Global big pharma’s attention to Chinese biotech companies dates back to the mid-2010s. At the time, China was still viewed primarily as a manufacturing base for generics and APIs. However, as breakthroughs emerged in areas such as immuno-oncology and cell therapies, exploratory collaborations and points of engagement with global pharmaceutical companies increased. A landmark case came in 2017, when Janssen, a subsidiary of Johnson & Johnson, signed a global co-development and commercialization agreement with China’s Legend Biotech for the chimeric antigen receptor T-cell (CAR-T) candidate LCAR-B38M. Janssen secured global rights excluding Greater China and reportedly paid an upfront fee of $350 million. The asset was later developed into the multiple myeloma treatment ciltacabtagene autoleucel (cilta-cel) and successfully commercialized globally, marking one of the earliest cases in which Chinese biotech technology evolved into a core pipeline asset for global big pharma.
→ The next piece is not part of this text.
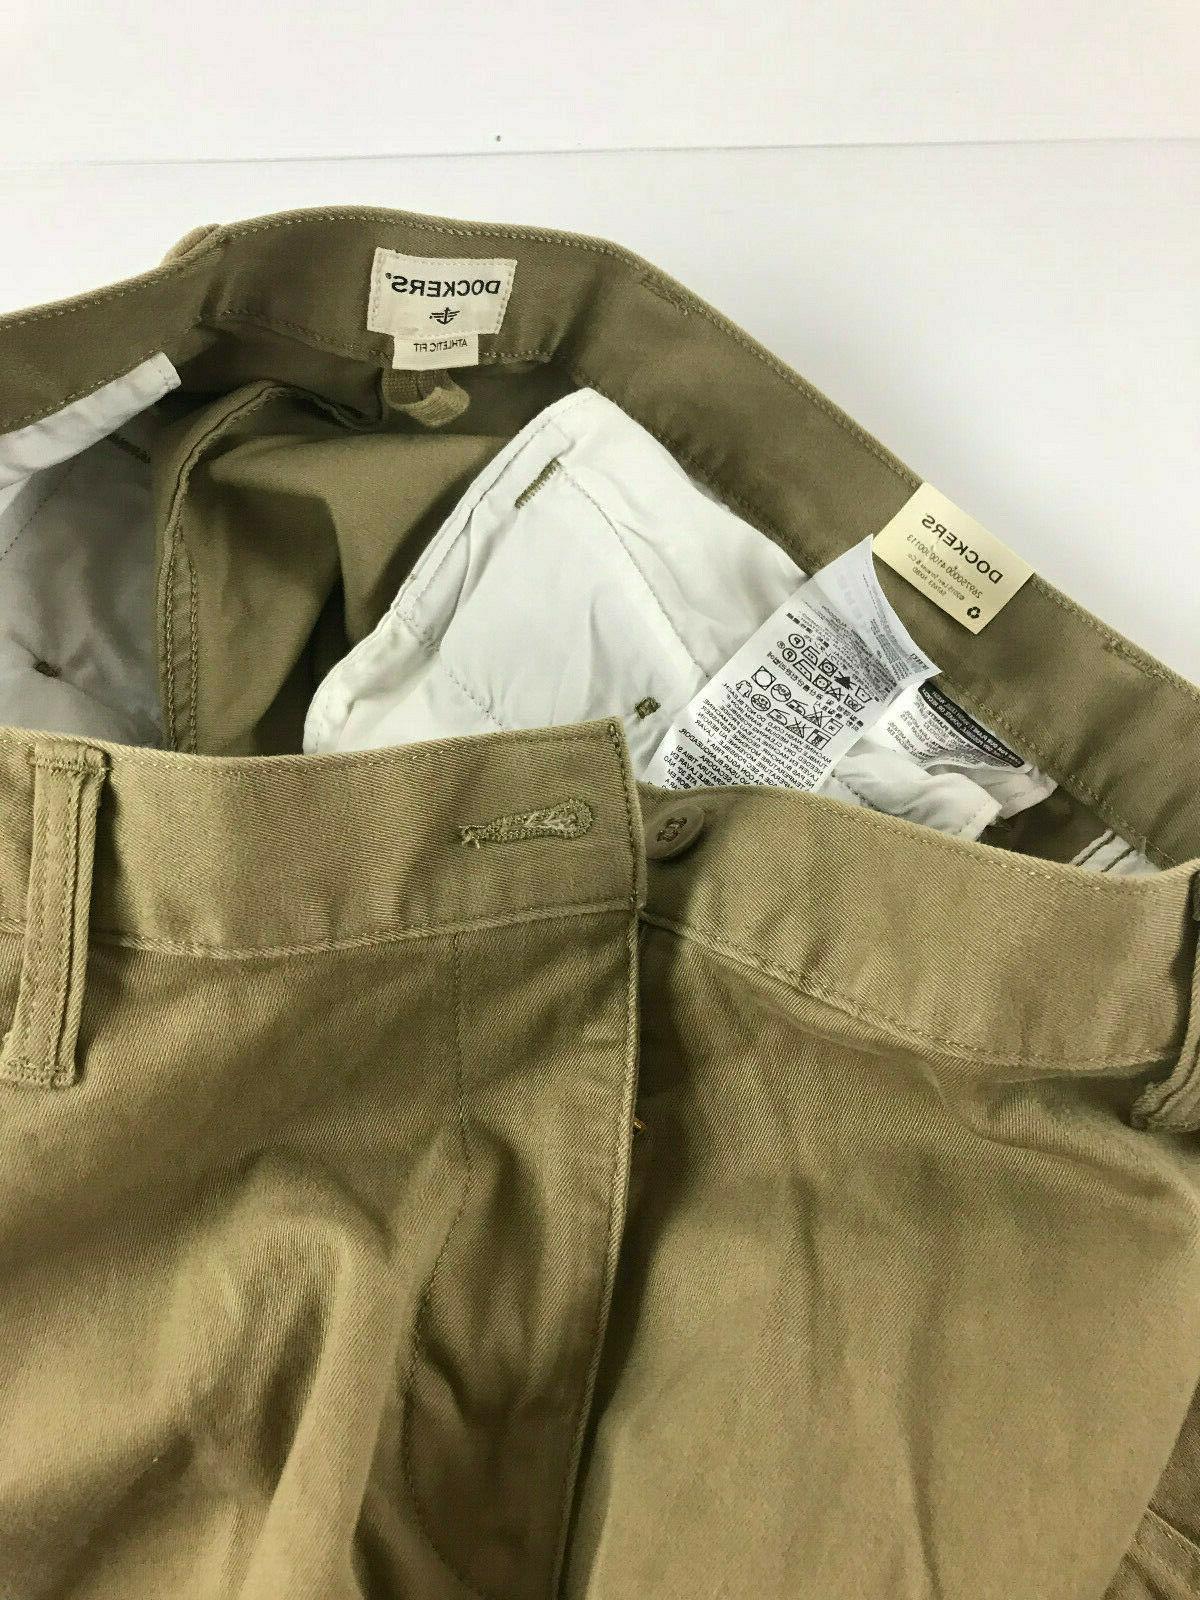 Dockers pants 38X34

China’s growth momentum is expected to continue. According to global consulting firm McKinsey & Company, China’s pharmaceutical market reached $277.3 billion in 2024. Within this, the innovative drug segment is recording double-digit compound annual growth rates, driving overall market expansion. In the United States, some analysts warn that unless appropriate measures are taken within the next three years, U.S. biopharmaceutical leadership could suffer “irreversible” damage. The U.S. National Security Commission on Emerging Biotechnology (NSCEB) recently published a report noting that China is rapidly narrowing the gap with the United States by strengthening its dominance in pharmaceuticals and biotechnology. The report concludes that after treating biotechnology as a strategic priority for two decades, China is swiftly emerging as a dominant force in the sector. It recommends that the U.S. government invest at least $15 billion over the next five years to attract greater private capital into the domestic biotechnology sector. The NSCEB also projects that if current trends accelerate, Chinese-origin drugs could account for 35% of new drug approvals by the U.S. Food and Drug Administration (FDA) by 2040. This is interpreted as a warning signal that U.S. health security could become dependent on China.